Hacker News new | ask | show | jobs
by sunrunner 400 days ago
Do the comparisons to PhD-level as a marker for some quantity of how 'smart' a system (by which I mean the current colloquial usage of 'AI') really make sense?

I thought a PhD was ultimately a representation of a body of work that a likely-smart person produced in order to a) learn the state of the art in a narrow domain, b) practice research methodology, c) hopefully push the boundary of human knowledge in that area. Which is not to say that PhD candidates and holders are not 'smart', just that PhD represented the work and not just the person after an IQ test.

Or is the comparison valid and the goal is for AI (again, current colloquial usage) to be able to push the boundaries of human knowledge?
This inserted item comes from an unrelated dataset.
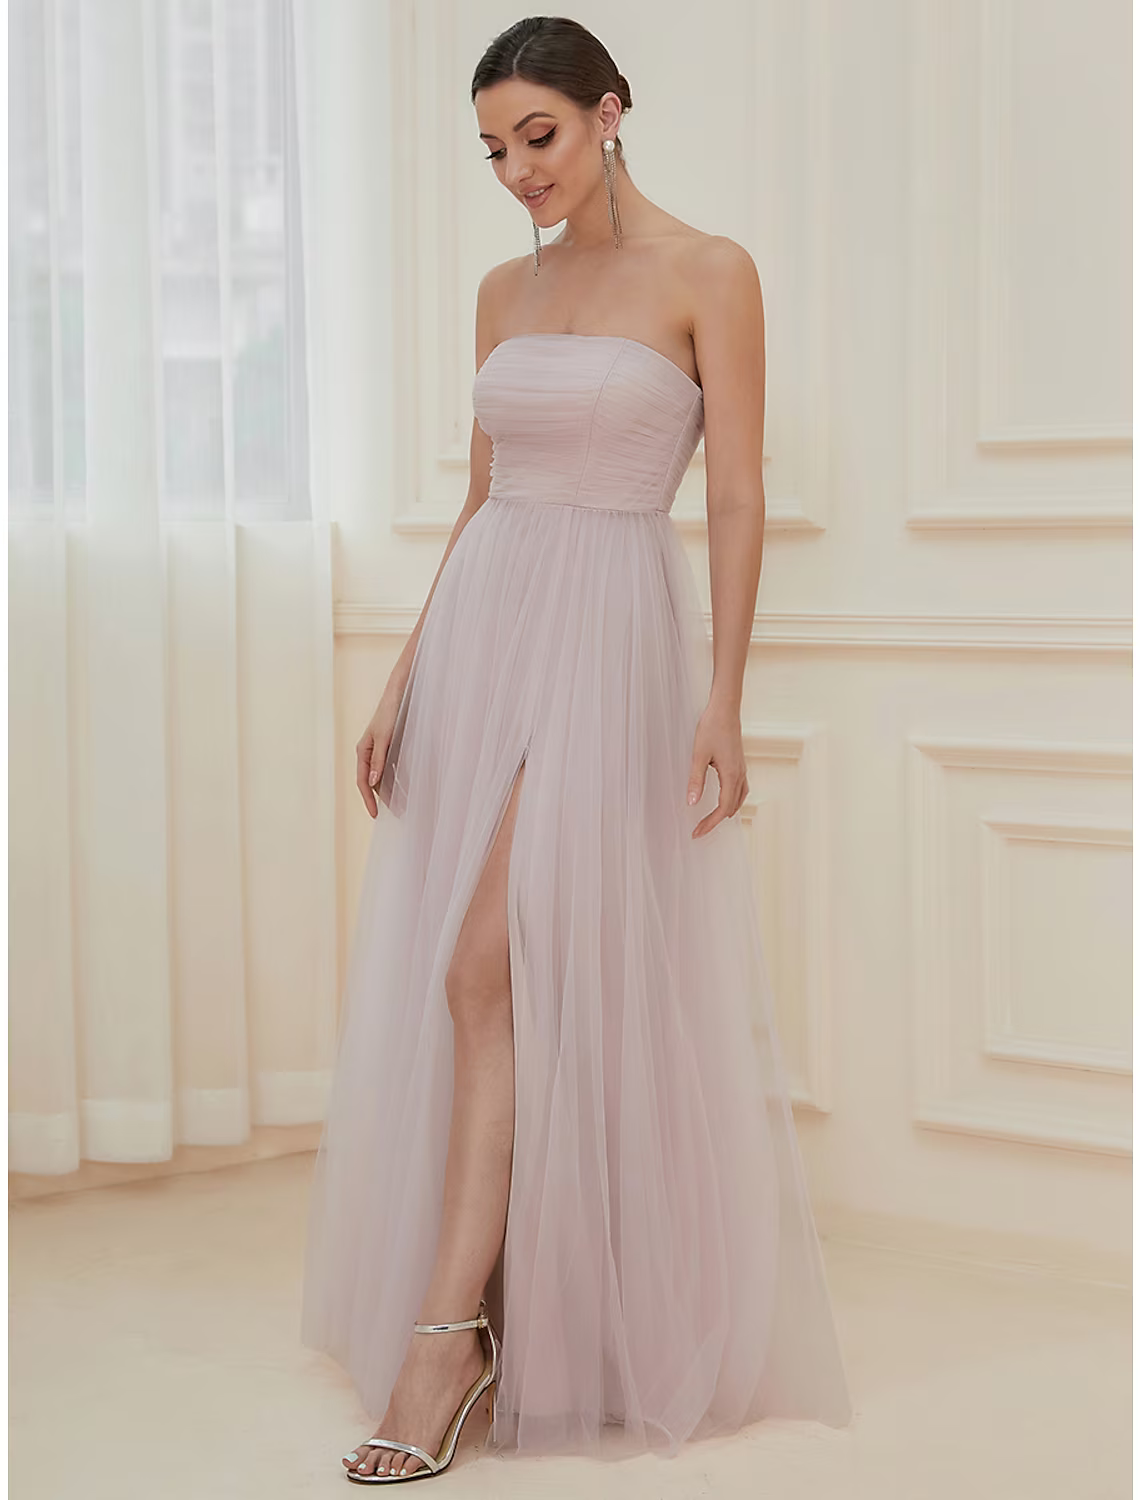 A-Line Evening Gown Elegant Dress Wedding Guest Floor Length Sleeveless Off Shoulder Tulle with Tiered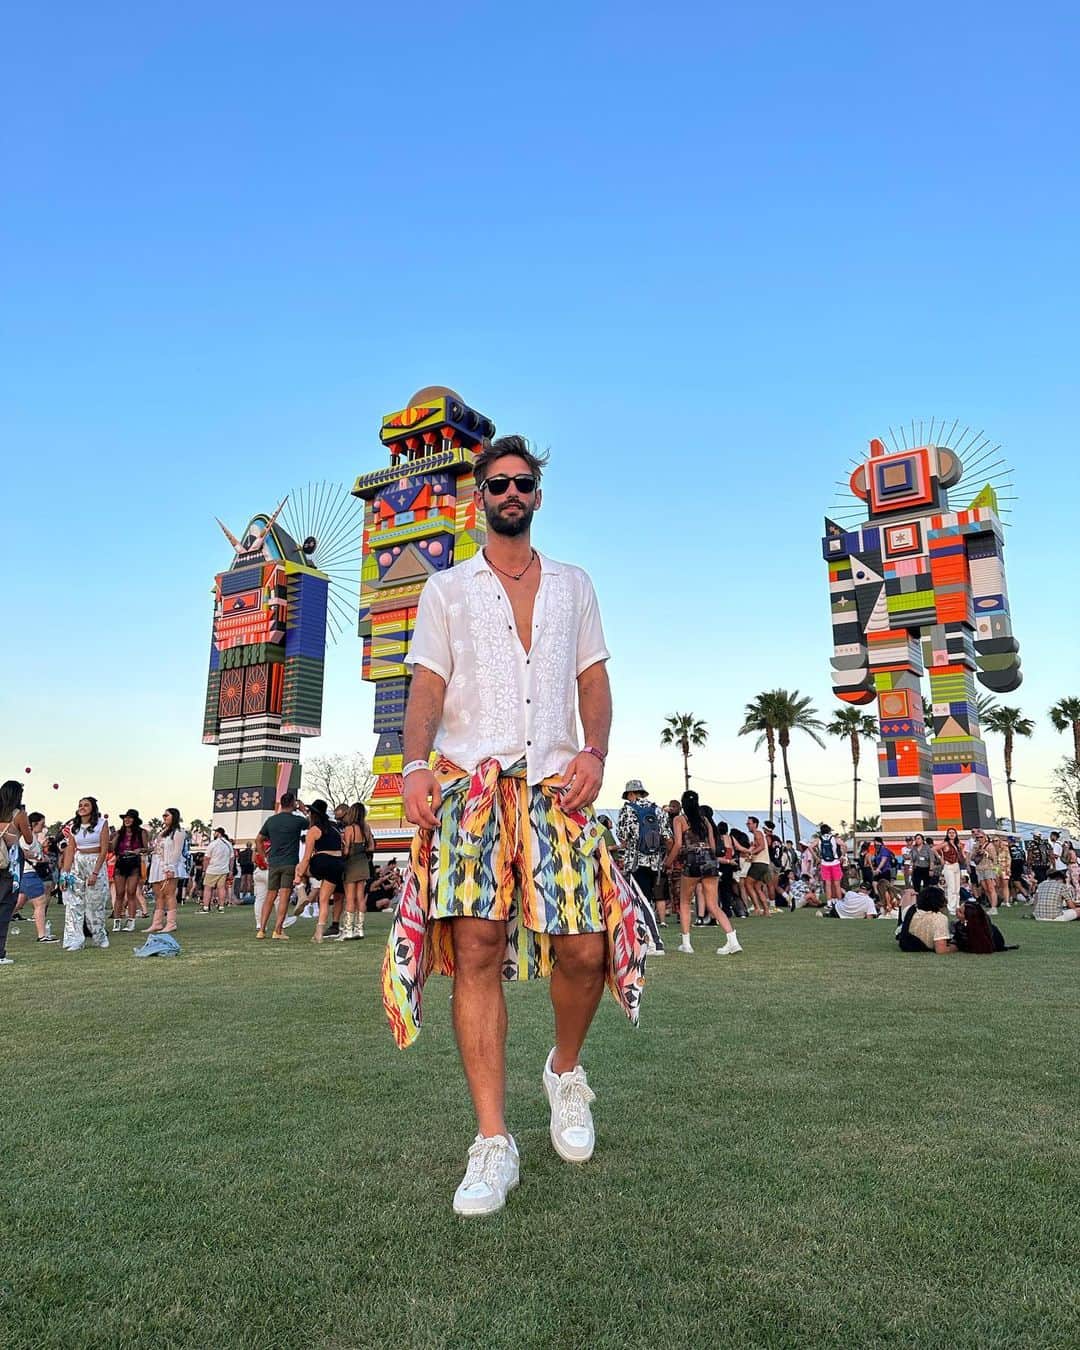 Ricardo Baldinのインスタグラム：「It’s been 10 years since I first attended Coachella. Back then I knew almost none of the artists, and that’s no excuse not to go, cause honestly, getting to know new good artists you didn’t know is fantastic. I learned about The XX that 2013. This was my sixth year, first since 2018 when Beyoncé performed. Funny it kind of felt like the first, I’ve been learning more Brazilian music the past few years and knew just the classics like Blink 182, Gorillaz, Chemical Brothers etc. knowing I’d get there and learn about the novelties.   After 3 busy days…Well here is the list of highlights: 1 - ROSALÍA, like a magnetism we were in front of the main stage when she was just starting the show, and forget about it. She is just out of this world, what a performance! 2 - Kaytranada - FISHER & Chris Lake - SG Lewis These were 3 amazing performances of artists I didn’t know and became fan, all happening on Outdoor stage, where the classics Eric Prydz and Chemical Brothers also performed. 3 - Trust the main stage - from Sunset to the end of festival main stage is packed. Bad Bunny had an amazing concert full of energy and It was fun singing my teenager times songs with Gorillaz and Blink 182.   I find it really amazing to attend such festivals. I feel It’s like a big body composed of dozens of thousands of people, each one with their story, tastes and expectations, but above all, everyone just wanting to have a good time and no prejudices, so it’s a big union of people wanting the same thing creating the best environment for you to be free and enjoy yourself the way you want.  Shoutout to my brother @1fabionunes who was together on Coachella 2013 and now again killing it on the dance floors. @caseyfatch 🐞 Also @theragaman my long time friends and partners who provide me the coolest outfits 🙏🏽  See you soon Coachella 🫶」

Or perhaps it would be human-machine-knowledge at that point?

1 comments

The comparisons between AI systems and "PhD-level" intelligence don't really make sense as a meaningful benchmark, and I agree with your assessment of what a PhD actually represents.

A PhD isn't simply a marker of raw intelligence or knowledge retention, it represents years of specialised training, critical thinking development, original research, and the creation of new knowledge. The process involves learning to identify meaningful questions, design appropriate methodologies, interpret results with nuance, and contribute novel insights to a field.

I've been thinking about this from another angle though: what if we considered "PhD-level" more narrowly in terms of context window capacity? Since an average PhD dissertation is around 70K words (translates to roughly 90-100K tokens in most LLM tokenization schemes), perhaps one benchmark could be whether an AI system can maintain the equivalent context. By this definition, several current models would technically qualify:

- Claude 3.5 Sonnet: 200K tokens - GPT-4o: 128K tokens - Claude 3 Opus: 200K tokens - Anthropic's experimental systems: ~1M tokens - Google Gemini Ultra: 1M tokens

But this framing has significant limitations. Context window is just raw capacity, like saying a hard drive with enough storage for a dissertation is "PhD-level." The ability to simply retain 70,000 words of context doesn't mean a system can identify significant gaps in existing knowledge, formulate original research questions, or synthesize new insights that advance human understanding.

Current AI systems, regardless of context window size, don't truly "understand" information the way humans do. They recognise patterns in data and generate outputs based on statistical relationships, but lack the deeper conceptual understanding, intentionality, and the other characteristics of human intelligence.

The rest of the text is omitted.